# Activity 9.01 - Data splitting, scaling, and modeling

1. For this activity, all you will need is the Pandas library, the modules from sklearn, and numpy. Load them in the first cell of the notebook.

In [1]:
import pandas as pd
import numpy as np
from sklearn.model_selection import train_test_split
from sklearn.preprocessing import StandardScaler
from sklearn.linear_model import LinearRegression as OLS
from sklearn.metrics import mean_squared_error

2. Use the power_plant.csv dataset. Read the data into a Pandas DataFrame, print out the shape, and list the first five rows.

    The independent variables are as follows.
    
        AT - ambient temperature
        V - exhaust vacuum level
        AP - ambient pressure
        RH - relative humidity
        
    The dependent variable is EP - electrical power produced.

In [2]:
df=pd.read_csv('Chapter9-Datasets/power_plant.csv')
print(df.shape)
df.head()

(9568, 5)


Unnamed: 0,AT,V,AP,RH,EP
0,8.34,40.77,1010.84,90.01,480.48
1,23.64,58.49,1011.4,74.2,445.75
2,29.74,56.9,1007.15,41.91,438.76
3,19.07,49.69,1007.22,76.79,453.09
4,11.8,40.66,1017.13,97.2,464.43


3. Split the data into a train, val, and test set with fractions of 0.8, 0.1 and 0.1 respectively, using Python and Pandas but not sklearn methods. You will use 0.8 for the train split because there is a large number of rows, so the validation and test splits will still have enough rows.

In [3]:
np.random.seed(42)
train_rows=pd.Series(np.random.choice(list(df.index),int(0.8*df.shape[0]),replace=False))
val_rows=pd.Series(np.random.choice(list(df.drop(train_rows,axis=0).index),int(0.1*df.shape[0]), replace = False))
test_rows=pd.Series(df.drop(pd.concat([train_rows,val_rows]),axis=0).index)
train_data=df.iloc[train_rows,:]
val_data = df.iloc[val_rows,:]
test_data = df.iloc[test_rows,:]
print( 'train is', train_data.shape, 'rows, cols\n',
         'val is',val_data.shape,'rows,cols\n',
         'test is', test_data.shape,'rows,cols')

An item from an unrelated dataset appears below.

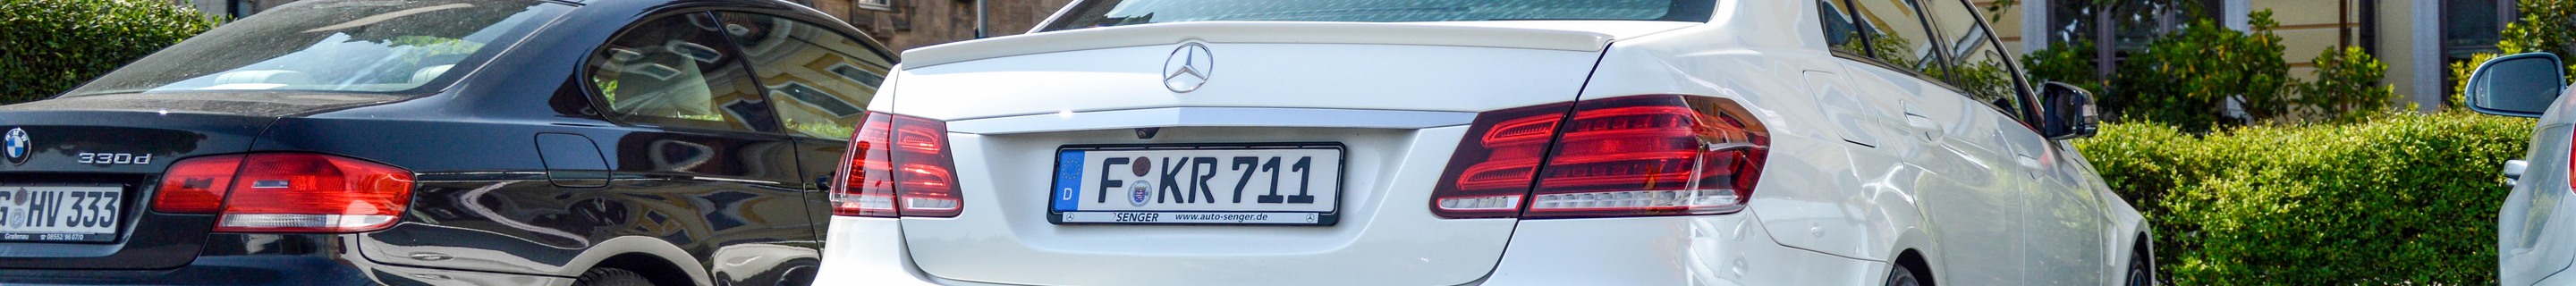 Mercedes-Benz E 63 AMG S W212

train is (7654, 5) rows, cols
 val is (956, 5) rows,cols
 test is (958, 5) rows,cols


4. Repeat the split in step 3 but use train_test_split. Call it once to split the train data, and then call it again to split what remains into val and test.

In [4]:
train_data_2, val_data_2= train_test_split(df, train_size=.8, random_state=42)
val_data_2, test_data_2 = train_test_split(val_data_2, test_size=.5,random_state=42)
print('train is',train_data_2.shape, 'rows, cols\n',
     'val is',val_data_2.shape,'rows, cols\n',
     'test is',test_data_2.shape,'rows, cols')

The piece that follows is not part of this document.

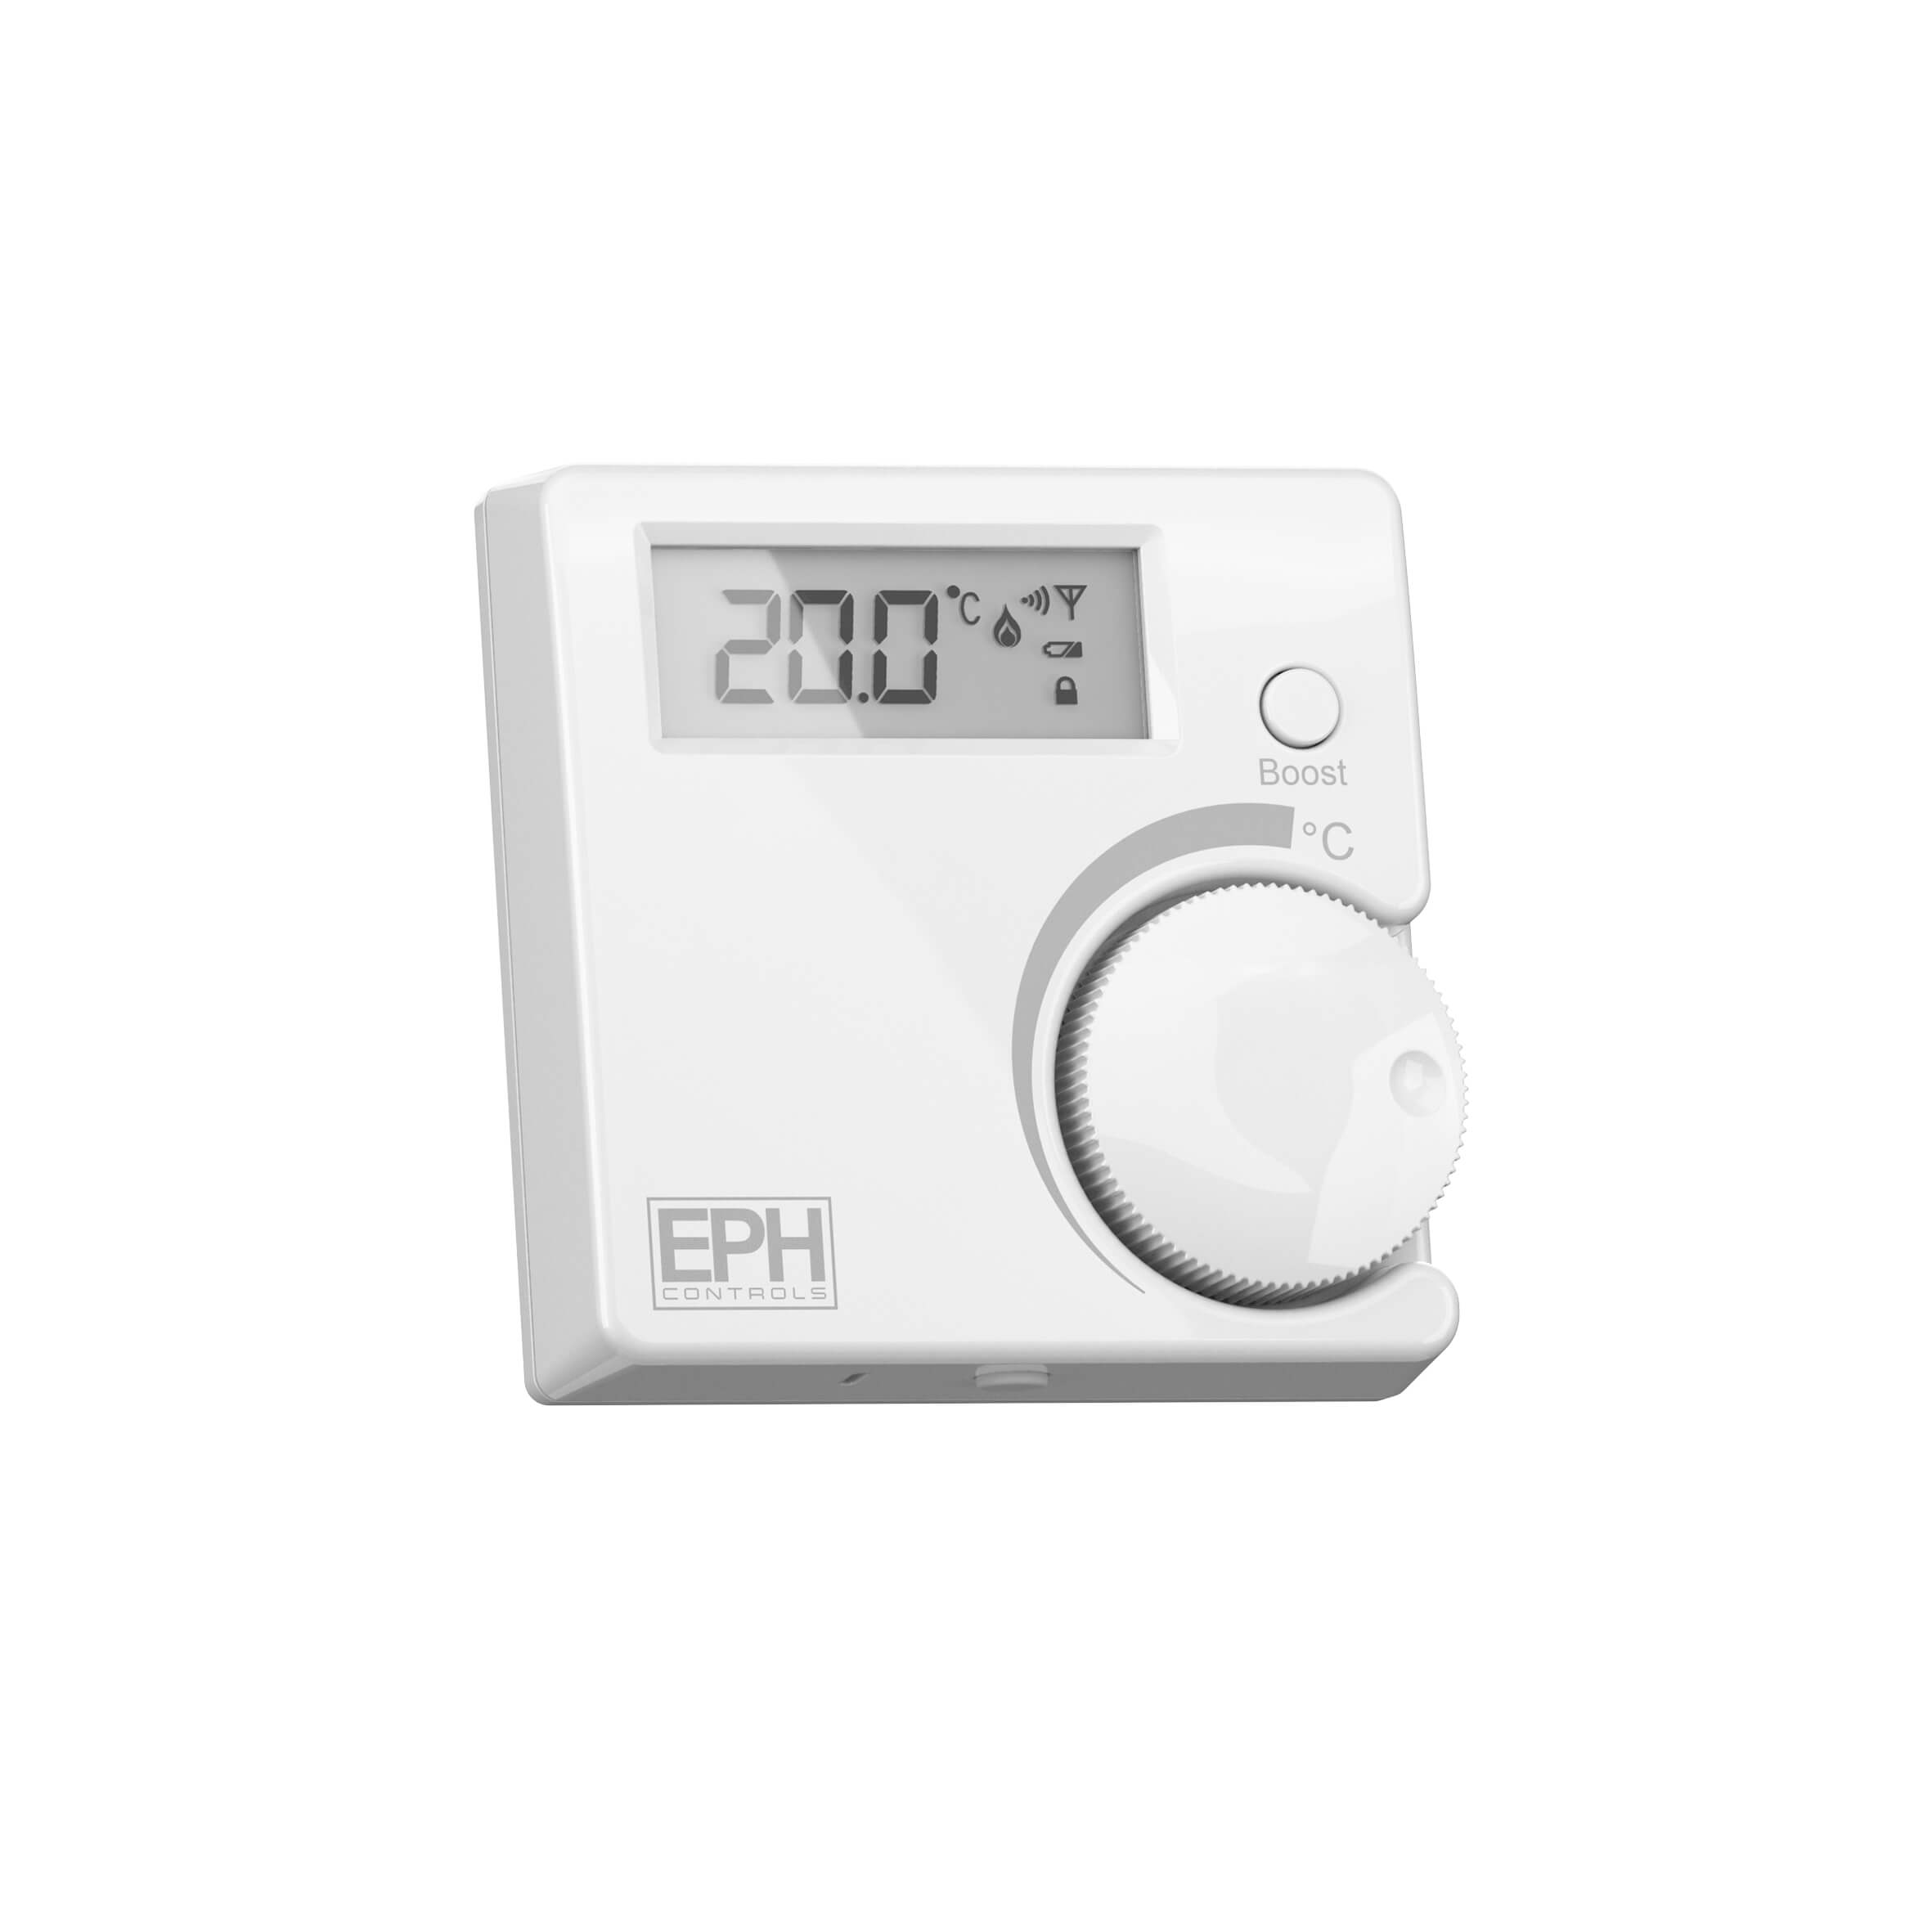 EPH RF Room Thermostat (w/ boost button) RFR

train is (7654, 5) rows, cols
 val is (957, 5) rows, cols
 test is (957, 5) rows, cols


5. Ensure that the row counts are correct in all cases.

In [5]:
print( 'train is', train_data.shape, 'rows, cols\n',
         'val is',val_data.shape,'rows,cols\n',
         'test is', test_data.shape,'rows,cols')

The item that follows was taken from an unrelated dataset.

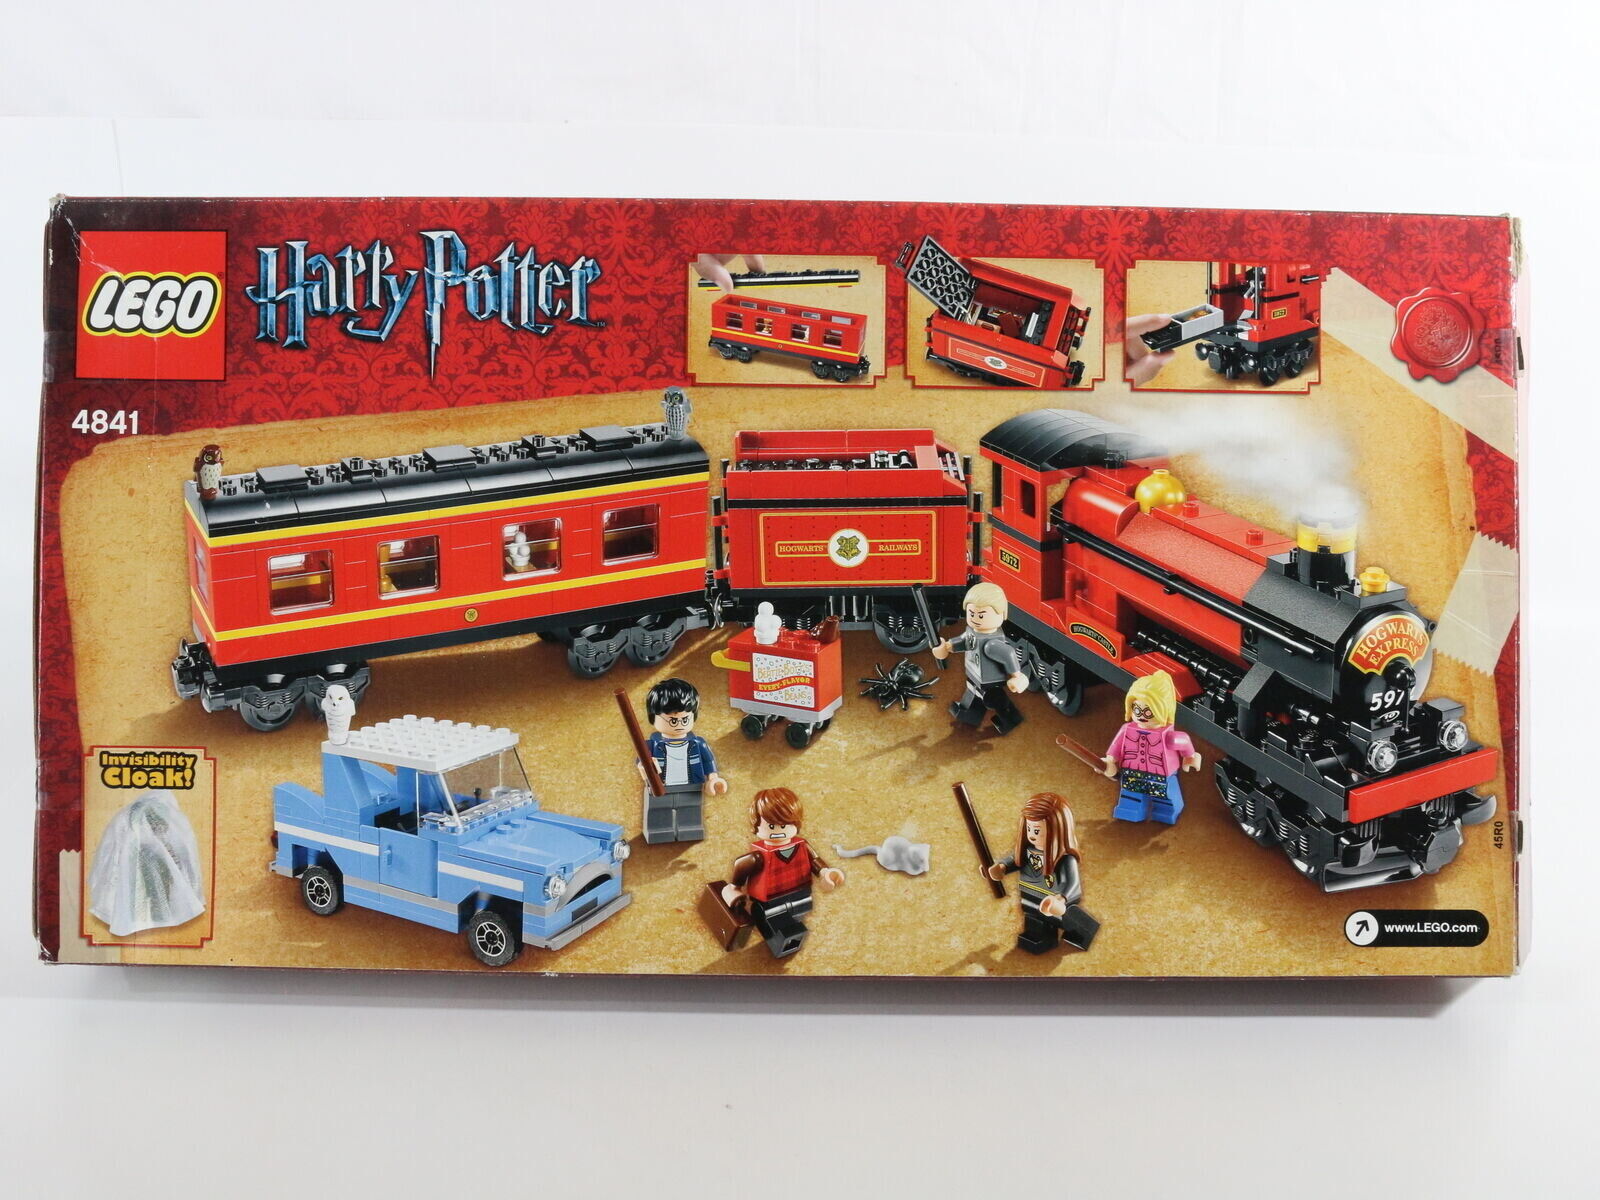 Lego Harry Potter Hogwarts Express Train Mostly Built 4841 + Box Instructions

print('train is',train_data_2.shape, 'rows, cols\n',
     'val is',val_data_2.shape,'rows, cols\n',
     'test is',test_data_2.shape,'rows, cols')

train is (7654, 5) rows, cols
 val is (956, 5) rows,cols
 test is (958, 5) rows,cols
train is (7654, 5) rows, cols
 val is (957, 5) rows, cols
 test is (957, 5) rows, cols


6. Fit .StandardScaler() to the train data from step 3, then transform train, validation, and test X. Do not transform the EP column, as it is the target.

In [6]:
scaler = StandardScaler()
scaler.fit(train_data.iloc[:,:-1])
train_X=scaler.transform(train_data.iloc[:,:-1])
train_Y=train_data['EP']
val_X=scaler.transform(val_data.iloc[:,:-1])
val_Y=val_data['EP']
test_X=scaler.transform(test_data.iloc[:,:-1])
test_Y=test_data['EP']

7. Fit a .LinearRegression() model to the scaled train data, using the X variables to predict y (the EP column).

In [7]:
linear_model = OLS()
linear_model.fit(train_X,train_Y)

LinearRegression()

8. Print the R2 score and the RMSE of the model n the train, validation, and test datasets.

In [8]:
print('Train Score:',linear_model.score(train_X,train_Y),'\nValidation Score:',linear_model.score(val_X,val_Y),
     '\nTest Score:', linear_model.score(test_X,test_Y))
print('train RMSE:',mean_squared_error(linear_model.predict(train_X),train_Y),
     '\nValidation RMSE:',mean_squared_error(linear_model.predict(val_X),val_Y),
     '\nTest RMSE:',mean_squared_error(linear_model.predict(test_X),test_Y))

Train Score: 0.9287072840354756 
Validation Score: 0.9238845251967255 
Test Score: 0.9333918854821254
train RMSE: 20.732519659228675 
Validation RMSE: 22.820591843766223 
Test RMSE: 19.023390952574694